Shari: How much should a poet reveal of herself and her life experience? Should the poems be universal, or is it okay to describe a very particular experience or feeling, regardless of whether the reader will understand it?
This is one of those questions that has changed for me as I grow into my writing life. Ten years ago, say, I would have talked about the two poles of the universal and the personal and how good poetry interweaves both. But the more I read, and write, and live my life in this world, the less I believe in any clear demarcation that separates the personal from any other kind of writing.
For one thing, it seems to me that there are very few human experiences that are utterly sui generis. You don’t have to have killed a spouse to understand Othello’s jealousy; you don’t have to have had a psychological breakdown to understand the pain in much of Anne Sexton’s early poetry. If the only thing at stake in a given poem is the personal experience itself, that may not be enough to make a compelling poem. But the poet may have to write to and through that experience to find what else is at stake in this particular content.

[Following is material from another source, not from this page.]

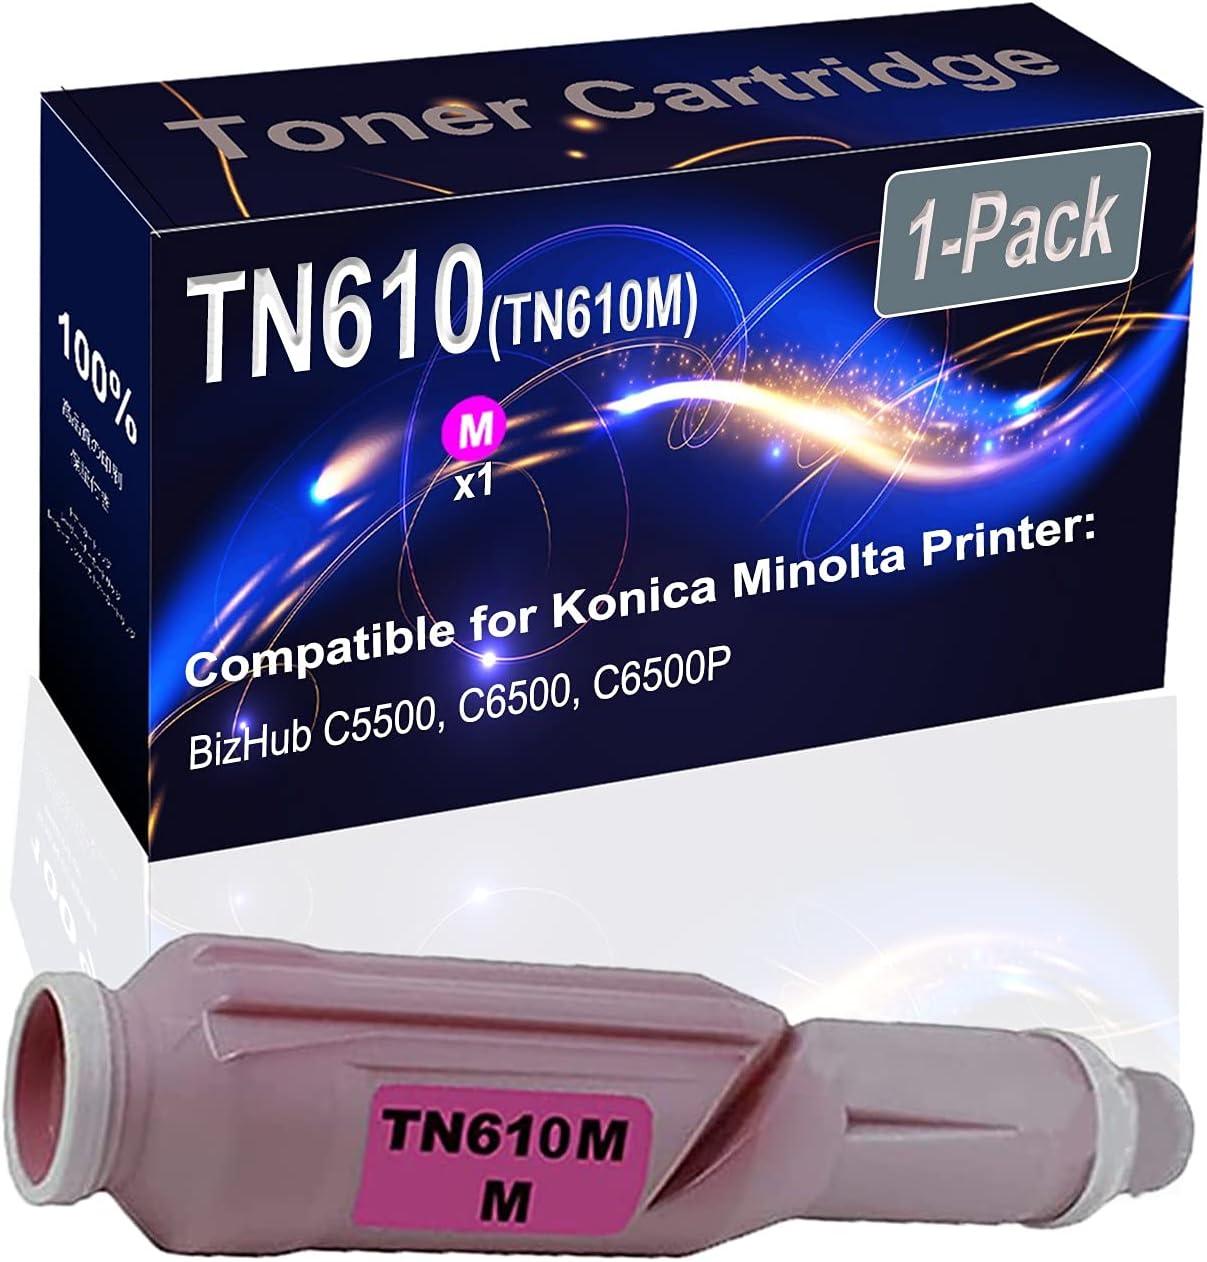 1-Pack (Magenta) Compatible BizHub C5500 C6500 Laser Toner Cartridge (High Capacity) Replacement for Konica Minolta TN610 (TN610M) Printer Toner Cartridge

Also, how many experiences have only one dimension, or one level? I believe that at least two streams have to be running through or feeding a poem for it to reach its reader, but the way those come together can be magically unpredictable. Those different streams can be thematic or imagistic or structural or musical, but a one-idea poem is like a one-idea song – boring, repetitive, insular. Perhaps the best way to illustrate what I mean is through an example from my own work.
In my second poetry collection, Orpheus in the Park, I was exploring ancient myths for contemporary resonances. One of the myths I thought a lot about was the story of Hephaestus being tossed off of Olympus by either his father, Zeus, or his mother, Hera – as with so many myths, there are several versions – in one of the many stories involving their tumultuous marriage. The story had a personal dimension for me. A man I had known and loved for many years had been abandoned by his mother to his abusive father when he was only 15 years old. The man I knew became, like Hephaestus, a very fine artist, in part, it seemed to me, as a way to work through or with his pain.

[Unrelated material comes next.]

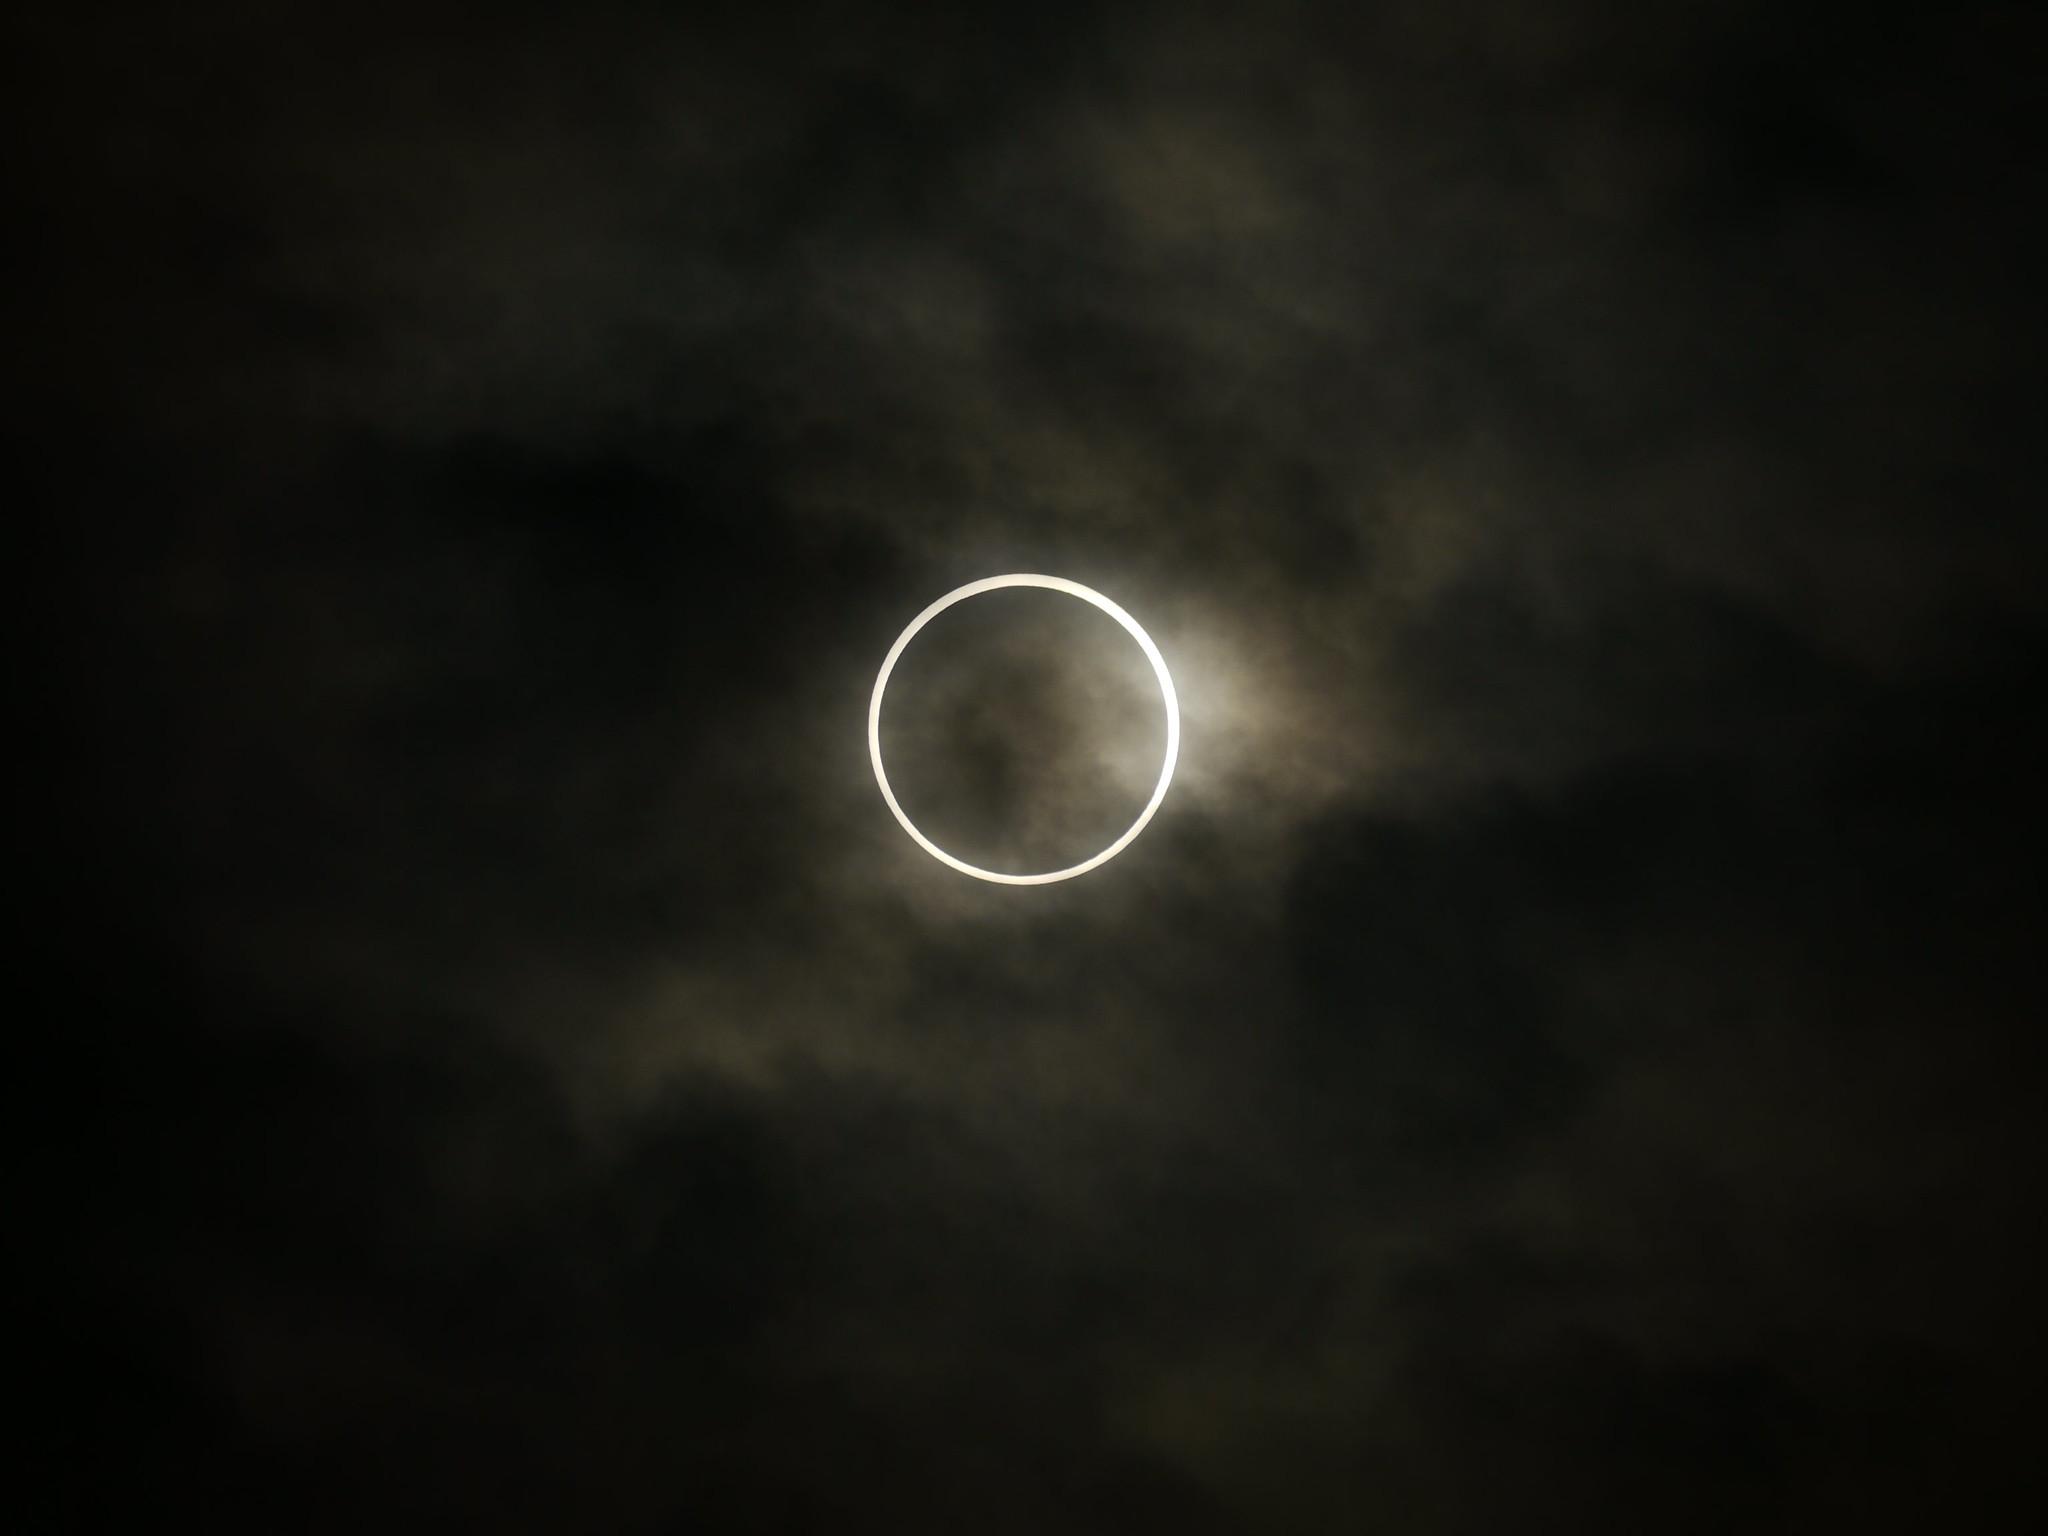 Annular Eclipse – Japan – May 21, 2012 CREDIT: Hidetsugu Tonomura

But the poem quickly grew beyond that personal impetus to write it. As I was working on it, there was an item of national news that many may remember: A woman named Susan Smith claimed that she and her two sons had been carjacked and kidnapped, and that the kidnapper, a black man, killed her kids. When it came to light that she had made up the story, and killed the boys herself, I began to think more about Hera’s state of mind and heart: What would drive a mother to try to kill her own child? And so that became another layer of the poem, as did imagining the act itself. Universal, personal – the lines became blurred very quickly.

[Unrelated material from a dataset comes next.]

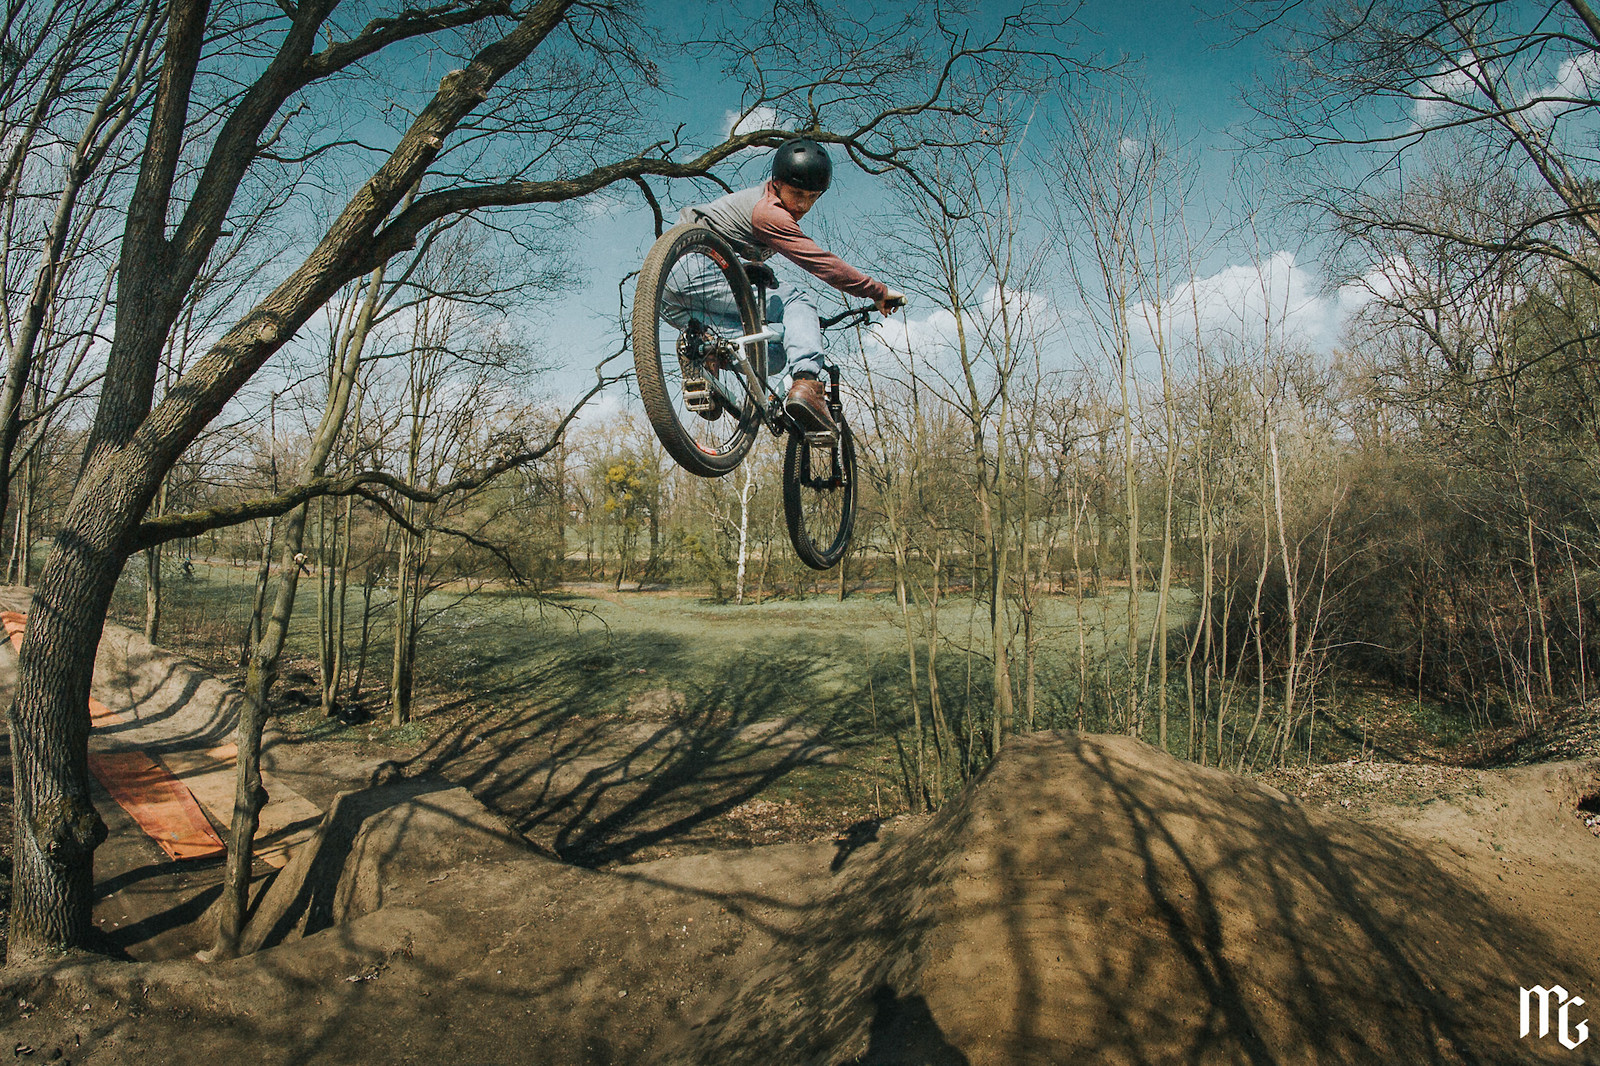 Whip - Kick!Photo - Mountain Biking Pictures - Vital MTB

Here is the finished poem, as it appeared in the collection:
Hephaestus and Hera
How could she abandon the boy who only asked
that she protect him from his father? How could
the mother throw up her hands, cast out
the child she’d made to help her in her loneliness —
for already her husband wanders, ignores
the plaintive tone of her voice, turns the sounds
that not so long ago had won his heart
against her as he heads for the door. She covers
her swollen eyes with layers of make-up. And now
she looks at the boy she might have loved
and sees only herself, what she has become — pathetic,
miserable, a devoted wife turned to tricks beneath
any courtesan. For what is a child, after all,
but a string that attaches mother to father? How could she
believe she could make something perfect
all of her own? In the dark she leads him outside,
walks, holding his hand, to the edge of the cliff,
fakes one step as if into the air, and then, when
he follows, lets go of his hand. As she returns
to her room, she covers her ears from his cries. And he
uncoils his body from the crumple of his fall, touches
his injured foot, and stares up at the place from which
his mother’s face still fades between the stars.
There are losses we cannot allow ourselves to know.
For now, he begins to work a fallen branch into the shape
of a splint for his foot. Then he changes his mind,
and begins to make something called art.
“Hephaestus and Hera,” from Orpheus in the Park, © Rose Solari 2005.